Nel resto del mondo l’Italia esporta gran parte della sua produzione agricola e agroalimentare. Per questo sono importanti gli accordi commerciali che l’Unione europea sottoscrive. Il Mercosur è bloccato e negli Usa dal prossimo anno potrebbero tornare i dazi se Trump sarà rieletto presidente.
«È una grande preoccupazione perché gli Stati Uniti sono diventati quasi il principale mercato dei nostri prodotti con poco meno di otto miliardi di import Made in Italy, ormai secondo solo alla Germania. Nel 2016 l’amministrazione Trump introdusse dazi per il 25% all’importazione di prodotti agroalimentari europei, anche se su questo l’Ue non può fare molto. Per quanto riguarda gli accordi di libero scambio l’ultimo siglato con la Nuova Zelanda è molto buono per non dire ottimo per le nostre produzioni. Idem per quelli firmati con Giappone e Vietnam. Il Mercosur è strategicamente molto importante perché rischiamo di regalare l’America latina alla Cina. Tuttavia, ci sono ancora molte aree grigie che vanno chiarite. Così com’è dubito si trovi una maggioranza disposta a votarlo nel Parlamento europeo».
Ha molto a che fare con il Sudamerica anche il Regolamento sulla deforestazione. Penso ad esempio a mais e soia.

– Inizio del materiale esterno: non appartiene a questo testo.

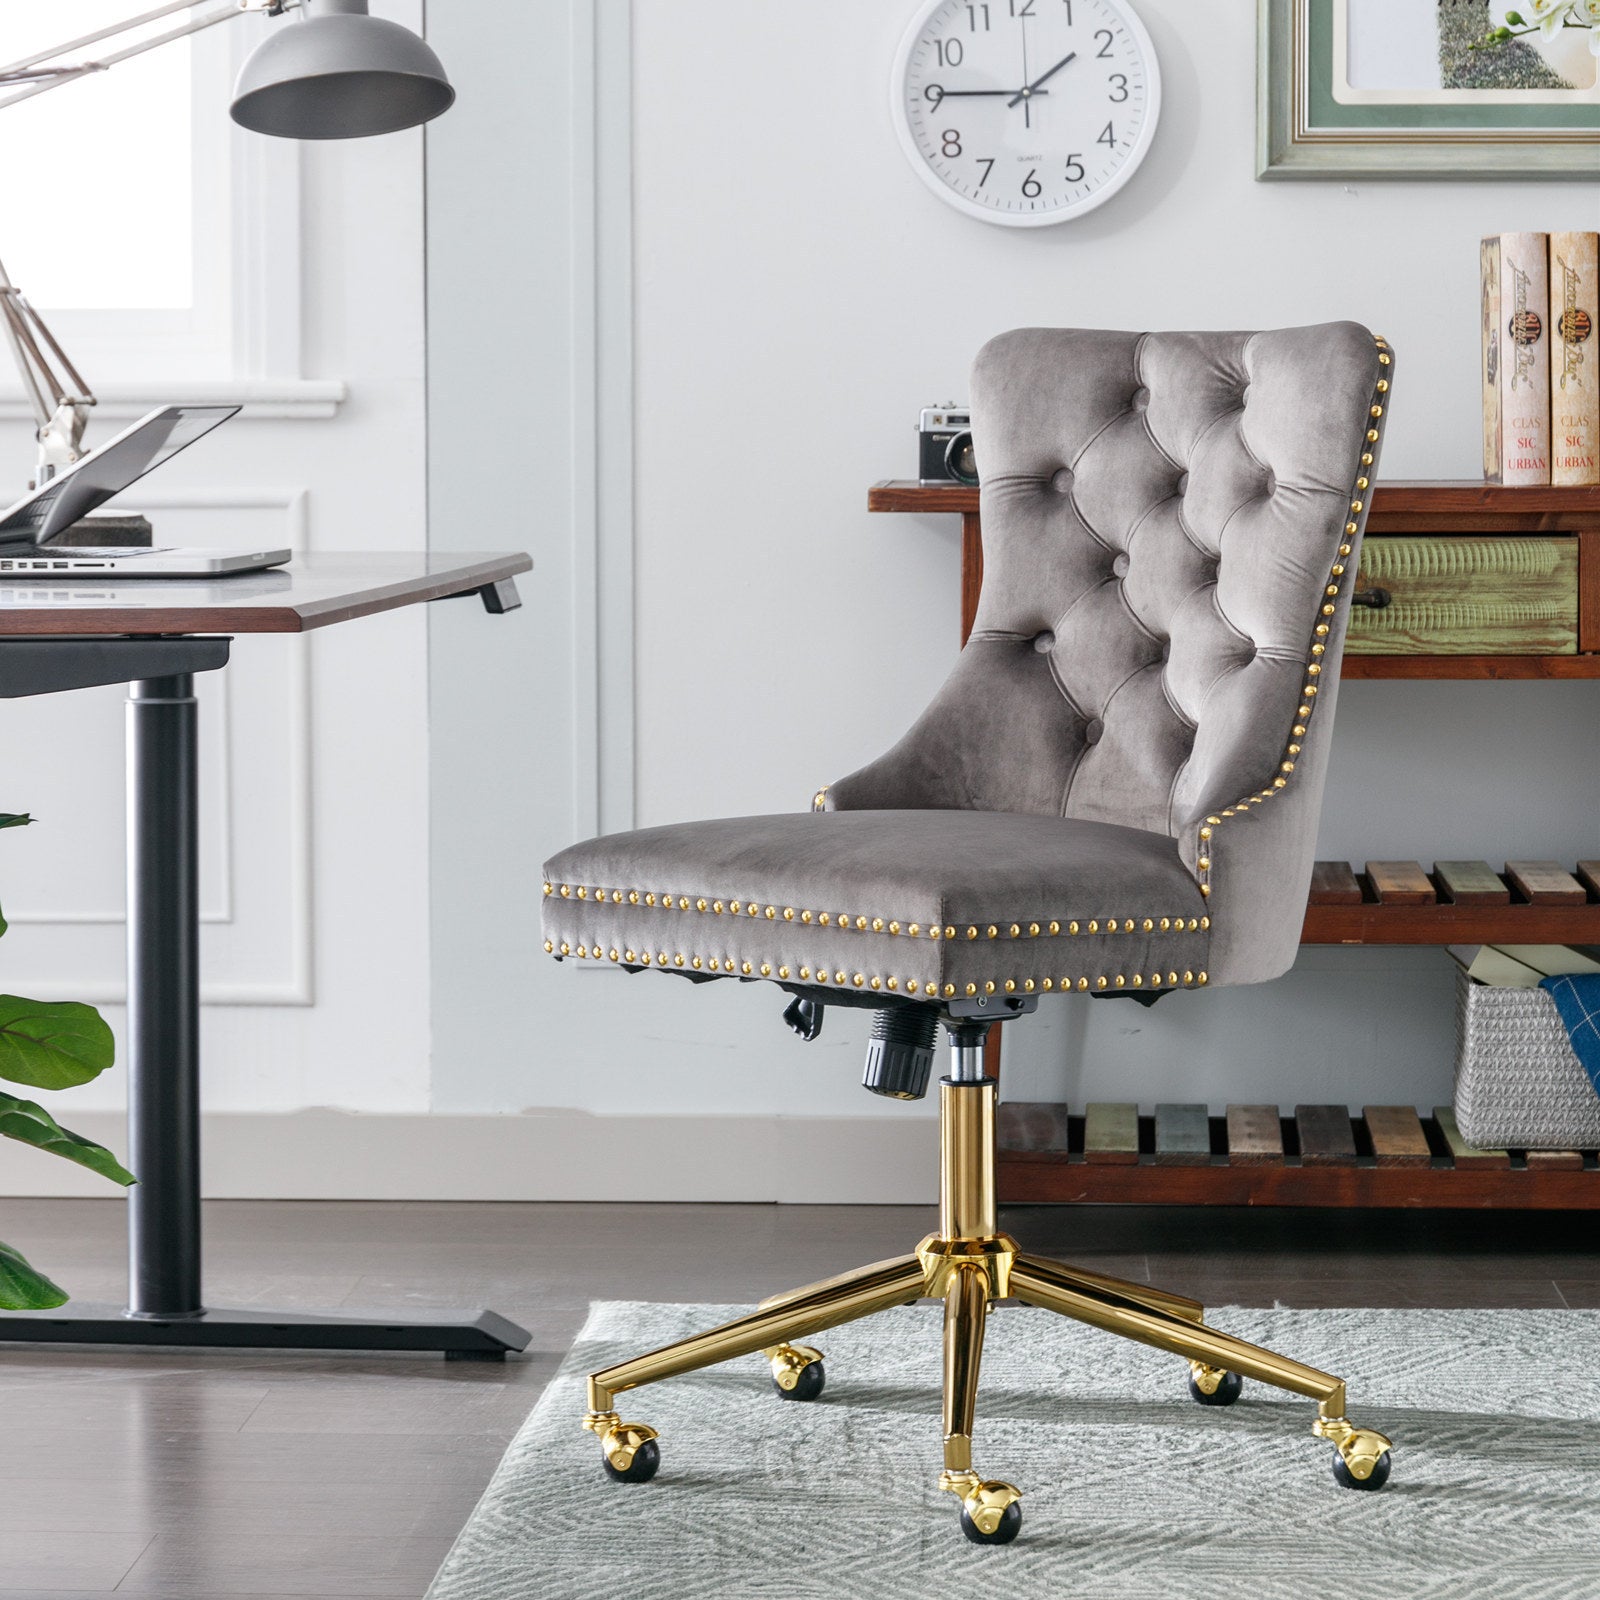 Velvet Upholstered Tufted Button Home Office Chair with Golden Metal Base - Grey

«Altra questione spinosa. Fu uno dei primi provvedimenti della scorsa legislatura, quando eravamo nella fase “euforica” del Green Deal. Entrerà in vigore il primo gennaio 2025 e prevede che tutti i prodotti che entreranno nell’Unione siano accompagnati da un certificato che garantisca la provenienza da aree non disboscate. Noi importiamo molta soia, mais, oltre all’olio di palma. Paesi come il Brasile non sono in grado di produrre questi certificati perché nelle navi che trasportano le derrate da una parte all’altra dell’oceano non c’è separazione tra lotti di provenienza diversa».
Il ministro Lollobrigida ha chiesto all’Europa un rinvio dell’entrata in vigore.
«Ma non è facile ottenere un rinvio. Servirebbe un altro Regolamento».
E quindi?
«L’Europa non può essere rigida su queste cose perché i tempi sono cambiati. Non siamo più noi a dettare legge nel commercio mondiale quindi se, ad esempio, facciamo troppe storie al Brasile per la soia, quelli la venderanno alla Cina. Ma noi non possiamo farne a meno, la zootecnia europea andrebbe gambe all’aria».
Eppure nella lettera di missione inviata da Ursula von der Leyern al Commissario Hansen c’è la richiesta di lavorare sulla “reciprocità”. Cioè che non deve esserci più distorsione della concorrenza importando prodotti che non rispettano le stesse regole europee. Un tema che sta molto a cuore agli imprenditori agricoli italiani.
«Certo, il principio è assolutamente corretto non possiamo chiedere sacrifici ai nostri agricoltori con standard più elevati e poi non obbligare i Paesi che esportano in Ue a fare lo stesso».
Un consiglio agli agricoltori italiani per affrontare al meglio questa congiuntura difficile.
«Devono organizzarsi, dal punto di vista produttivo, aziendale e commerciale. I problemi in realtà sono più fuori dalle aziende agricole. Fare un buon prodotto non basta. Per vendere creando valore serve una forza contrattuale e una concentrazione dell’offerta. Guarda caso le filiere più organizzate sono quelle dove c’è la differenza di prezzo minore tra prezzo alla produzione e prezzo al consumo. In questo modo si contrastano meglio le pratiche sleali. Gli esempi virtuosi non mancano, dai formaggi Dop alle mele del Trentino. Al Sud c’è ancora molto da fare su questo fronte».
Come vede l’agricoltura europea e italiana nei prossimi anni?
«Il mio auspicio è che nei prossimi cinque anni Commissione, Parlamento e Consiglio europeo immaginino davvero un’agricoltura protagonista del Green Deal e sono convinto che le condizioni ci siano».